As the sizzling air blows through the window and ruffles my hair, I spot three men in their 30s seated on the stoop in front of a red brick house. I drive past again. Like villains in an old western, they have droopy mustaches and yellow teeth. They wear chains around their necks and are listening to Spanish music blaring out of a purple Plymouth Duster parked out in front. Two wear black tank tops, one wears a white undershirt. They are drinking cans of Old Style. They drink, spit, laugh, curse loudly–completely oblivious to the plight of a small boy in front of their house being pummeled mercilessly by neighborhood bullies.

One of them, about ten years old, wears long Hawaiian print shorts. He is holding the boy, about six, by the hair and pulling him up and down like a yo-yo. The boy, who wears a turquoise T-shirt and too-big brown corduroy trousers, is shouting “Daddy” loudly, but his daddy would appear to be elsewhere.

“Work it to him, Tony. Work it to him, Tony,” a boy in a plain white T-shirt shouts at the one in Hawaiian shorts. His face is covered with filth. A third boy, who wears a red bandanna around his head, Springsteen-style, and a black baseball jersey with blue sleeves, is laughing and scratching his groin.

“I get him next,” the boy in the plain T-shirt says over the sounds of laughter, blaring music, and breathless screaming. Tony, the ringleader–they all seem somewhat afraid of him–takes the boy and wheels him around by his arms like a merry-go-round before dropping him with a thud on the unkempt lawn.

The three form a circle around the boy and pull him up.

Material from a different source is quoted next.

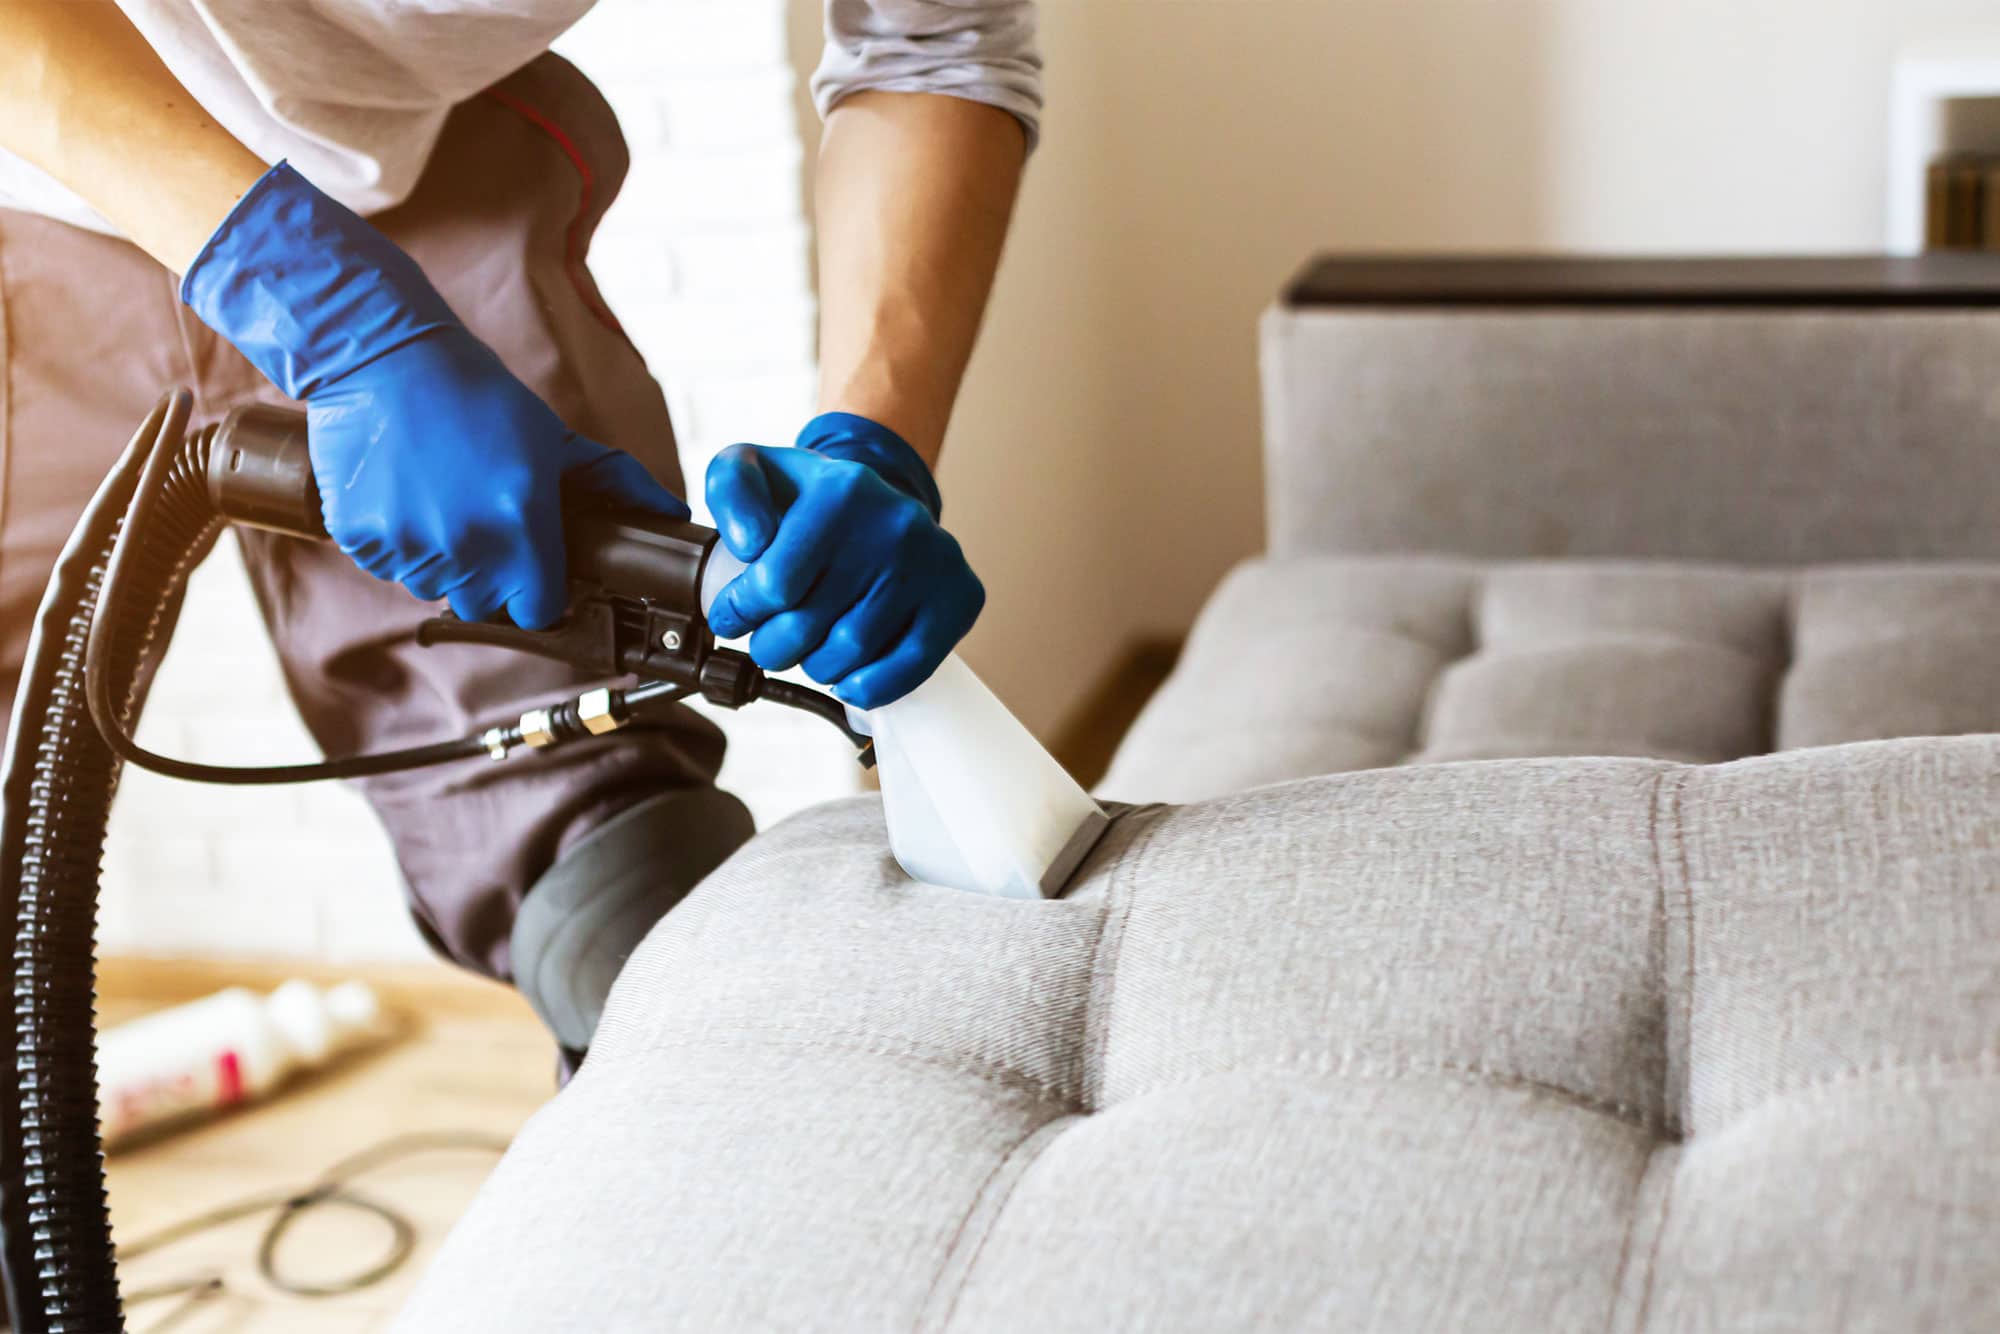 чистка диванов в домашних условиях от грязи

The boy bounces off one after another like a pinball caroming off bumpers. Whenever he hits one of the boys, the older boy says, “You pushed me,” and slaps him in the face. The six-year-old makes fists of his hands and punches wildly, his head shaking back and forth, his skinny legs barely able to support his thrashing body. It is a sight that the trio of young toughs finds hilarious. They cannot stop laughing.

I am at a loss what to do, watching the scene from a distance. I decide to circle the block again to get a closer look. Maybe my presence will be enough to scare the young toughs away. I stop the car in front of the purple Plymouth Duster. From this close range, I see the three men on the stoop even better, still laughing and drinking, still ignoring the fight. One has a bottle of Jose Cuervo, which he is taking swigs from.

Still sitting in the car, I see Tony is laughing. Suddenly he stops laughing and adopts a steely glower, a terrifying expression in such a young kid. “You kicked me in the balls,” he snarls. “I’ll getcha. Fuckin’ kickin’ me in the balls.” Tony pounces on the young boy and begins pounding his fists into the kid’s groin. The kid in the plain T-shirt and the kid in the baseball jersey have started a chant: “Get him in the balls. Get him in the balls.”

It is too much for me. I honk the horn, leaning on it. Tony gets up and sees me. He spits on the ground, ignoring the young boy and challenging me with his eyes. His two henchmen stand behind him as I speak.

“Leave the kid alone, or I call the cops,” I say.

The three look at each other as the young boy runs for safety behind a metal fence. Tony raises the middle finger of his right hand at me. “Fuck you,” he says, and the others laugh.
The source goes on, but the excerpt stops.